Mike Smith, australiano, numero uno del Counter Terrorism Executive Directorate (CTED) dell’Onu a New York: il suo ruolo è quello di vigilare sulla lotta al terrorismo e la sua posizione è nata nel momento in cui gli attentati dell’11 settembre avevano reso chiaro a tutti l’inizio di un nuovo periodo di disordini internazionali. Mike Smith, ora, lancia l’allarme: Internet ha sconquassato i piani della sua agenzia e le strategie oppositive vanno ora riconsiderate alla luce dell’imporsi dello strumento in tutto il mondo.

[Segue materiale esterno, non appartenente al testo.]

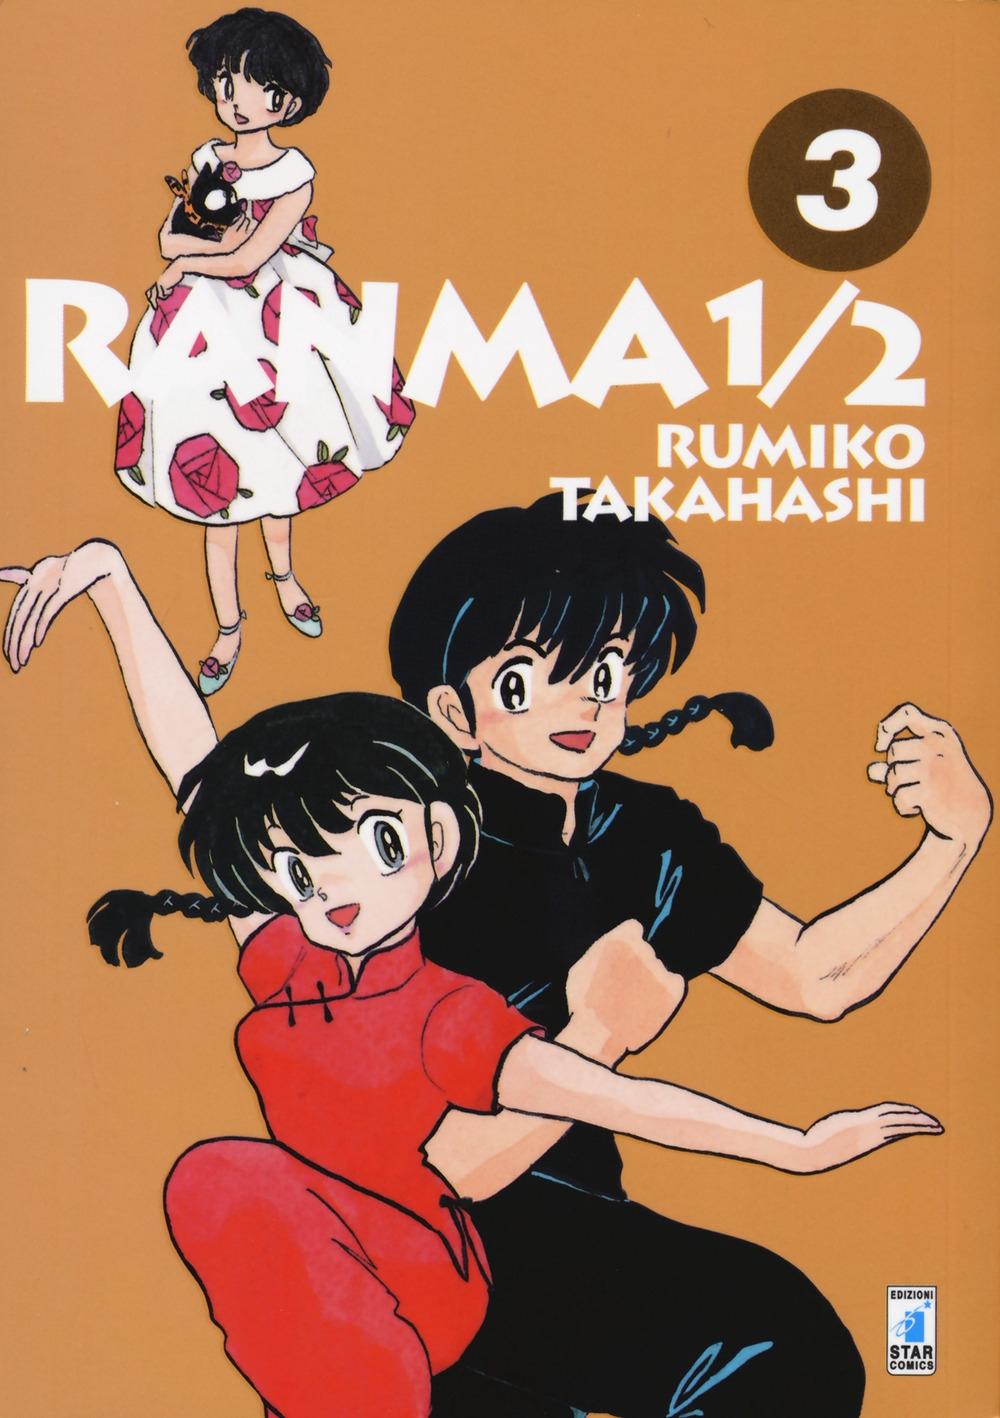 Ranma ½. New edition. Vol. 3

Così Reuters riporta le sue parole: «Internet è una preoccupazione reale e penso che non abbiamo ancora trovato la risposta […] Tempo fa gli estremisti dovevano attraversare confini per organizzarsi e attaccare […] Oggi invece possono fare un sacco di cose con Internet, possono dare istruzioni, coordinarsi, reclutare attraverso i siti Web della jihad». Quello che è cambiato, dunque, è proprio il modo in cui le cellule terroristiche si muovono e comunicano: i tempi son diventati istantanei e le reazioni delle pachidermiche istituzioni di controllo sono troppo lente e troppo poco elastiche per poter monitorare efficacemente il nemico. Per questo Internet è un pericolo: è un’arma libera nelle mani di tutti, e c’è chi può trarne grandi vantaggi anche nel mondo dei terroristi.

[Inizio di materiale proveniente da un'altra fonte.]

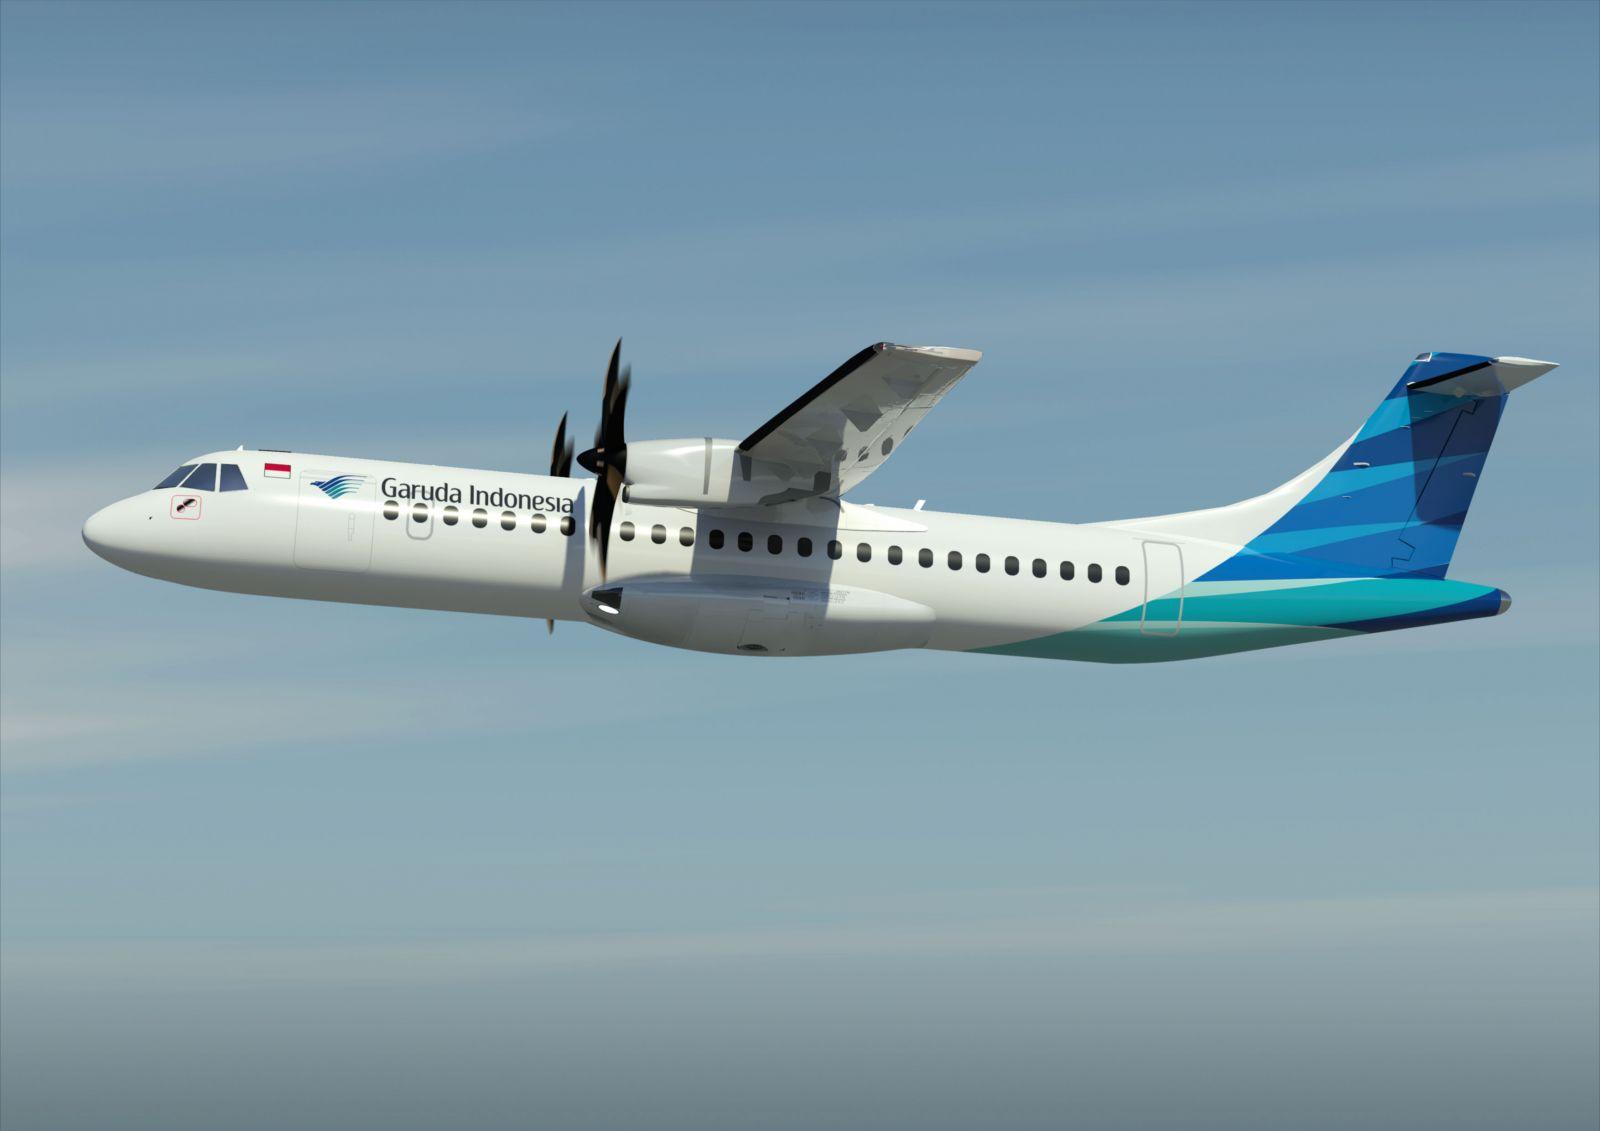 Garuda selects ATR

Il discorso di Smith non sembra inserirsi nel solito canovaccio del monito contro il web come fonte del male: Internet è visto come un semplice strumento e da ogni parola traspare semplicemente la necessità di creare nuove strategie di monitoraggio per andare a fermare chi del web fa uso pericoloso e malintenzionato. Secondo Smith, semplicemente, occorre capire la nuova realtà ed adeguarsi: «le persone devono essere consapevoli, le comunità devono esserlo, chi gestisce un Internet cafè deve prendere delle misure e prepararsi a collaborare con le autorità se segnalano che c’è qualcosa di cui preoccuparsi […] Penso che la nostra risposta a Internet… sarà una serie di strategie che forniranno una sorta di difesa del perimetro».
Le parole di Smith sembrano arrivare a preludio di una qualche nuova iniziativa di controllo del web: la «difesa del perimetro» non è stata ben identificata, ma difficilmente è possibile interpretarla solo con l’informazione e la consapevolezza. In passato il terrorismo è già stato additato da molti come una sorta di appiglio su cui gli USA hanno fatto leva per creare strategie di controllo che oltre ai terroristi hanno permesso di tenere sott’occhio anche la stessa popolazione. L’ombra del Big Brother, da quel giorno del 2001, ha sembre gravato su ogni iniziativa istituzionale di prevenzione. Le parole di Smith, pur provenendo da un ente internazionale e pur non indicando interventi concreti, non faranno probabilmente eccezione.